A renglón seguido

La confrontación como estrategia

Izquierda y derecha existen porque representan intereses diferentes y aspiran a modelos socioeconómicos y políticos distintos, incluso dentro de esta democracia liberal y representativa

Sesión Plenaria en el Congreso de los Diputados.

Sesión Plenaria en el Congreso de los Diputados. / EP

El frentismo que practica la oposición, esa que grita que viene el lobo o que España se rompe, etc., es una estrategia tan vieja como la propia política: hacer frente común para desalojar del poder a quien gobierna. Pero cuando está basado en la descalificación permanente del adversario, en el acoso continuado al poder ejecutivo, y carece de la mínima lealtad institucional, adquiere calificativos propios y se convierte en confrontación. Ni siquiera ante los asuntos de Estado existe en nuestro país una oposición constructiva, porque la derecha actual cuando no gobierna no deja gobernar, porque considera que el poder es suyo y que solo a ella le corresponde. Craso error. Llegará el momento en que vuelva a gobernar, y en esos momentos demandará una oposición leal que respete el veredicto de las urnas. Por eso resultan muy cuestionables las declaraciones del líder de la oposición utilizando el Senado para mostrar el poder de la derecha en la cámara de representación territorial, y oponerlo al Congreso en el que realmente reside la voluntad popular y la soberanía nacional. ¿No es eso confrontación?

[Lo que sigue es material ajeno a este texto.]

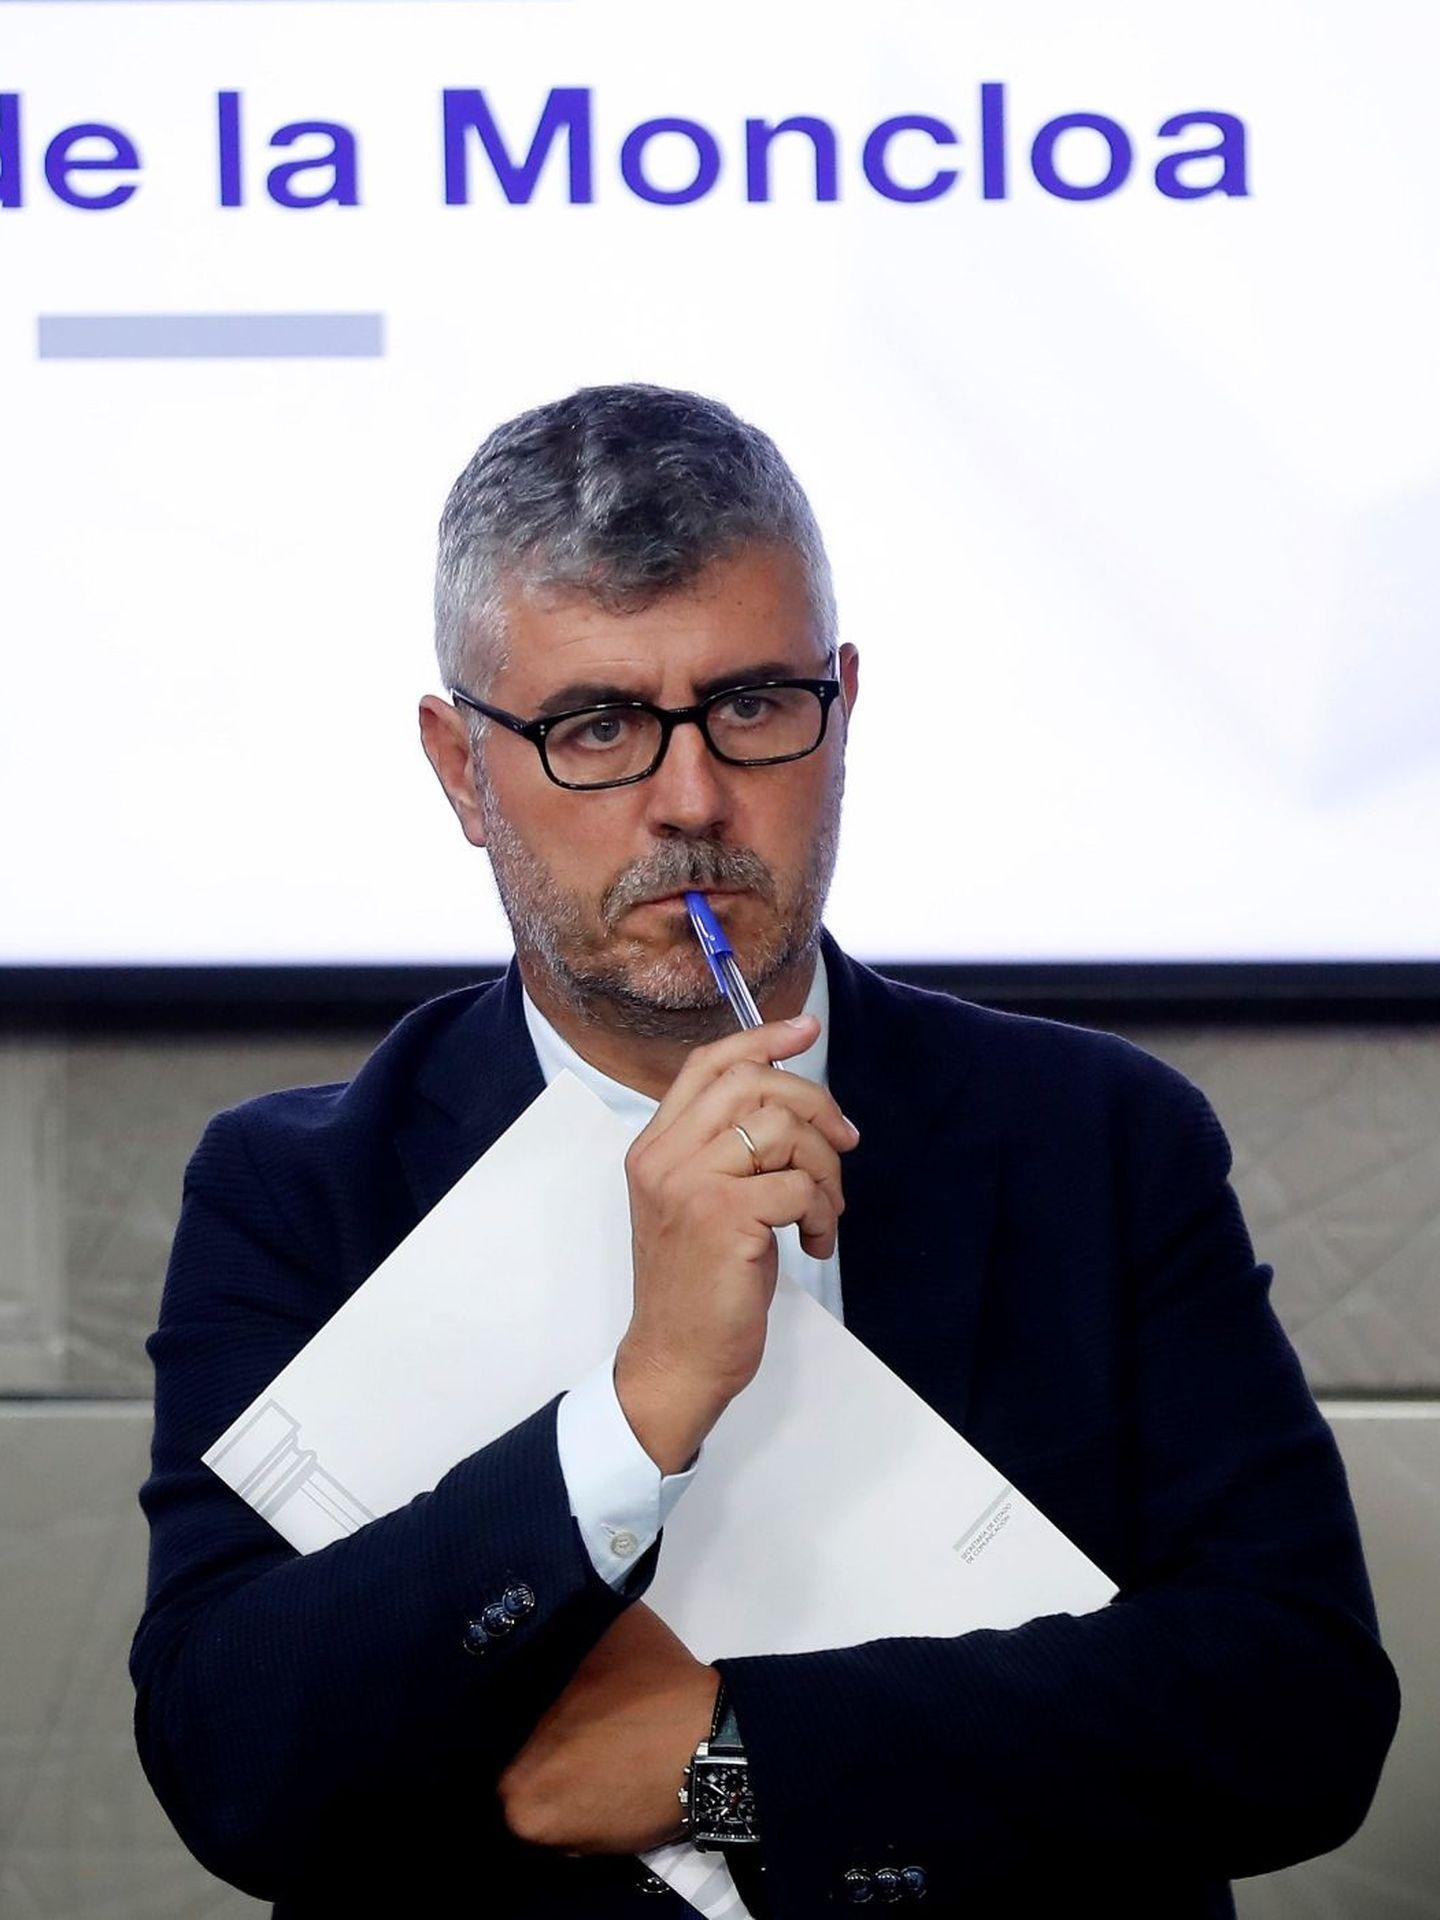 Miguel Ángel Oliver, en agosto de 2018 en la Moncloa. (EFE)

Tradicionalmente, la izquierda y la derecha (así como sus plurales) siempre se han diferenciado, sobre todo, por las políticas económicas y sociales, por mucho disfraz ideológico con el que se revistan sus líderes. Izquierda y derecha existen porque representan intereses diferentes y aspiran a modelos socioeconómicos y políticos distintos, incluso dentro de esta democracia liberal y representativa de la que nos hemos dotado, y que hemos de defender de quienes precisamente quieren arrogársela como patrimonio propio cuando es de todos los españoles. Por eso, al no haber grandes razones para criticar la situación económica o los avances sociales, la confrontación política se ha centrado en las denominadas esencias de España, aquellas que apelan a los sentimientos y a las emociones del pueblo, y no en políticas económicas o sociales concretas, pues en estos casos la gestión del gobierno socialista ha sabido capearlas con éxito razonable. Se esgrime, por el contrario, la idea de la ruptura de España; se aducen agravios comparativos entre territorios; y se pontifica sobre el sentido de España, como si ésta les perteneciera. Es cierto, que la poco fiable compañía de Junts y la aritmética electoral están proporcionado sonados argumentos a la oposición. Pero la cuestión territorial no es un problema nuevo, sino que ha sido recurrente históricamente; y, por tanto, quizás haya llegado ya la hora de prestarle la atención necesaria para intentar solucionarla.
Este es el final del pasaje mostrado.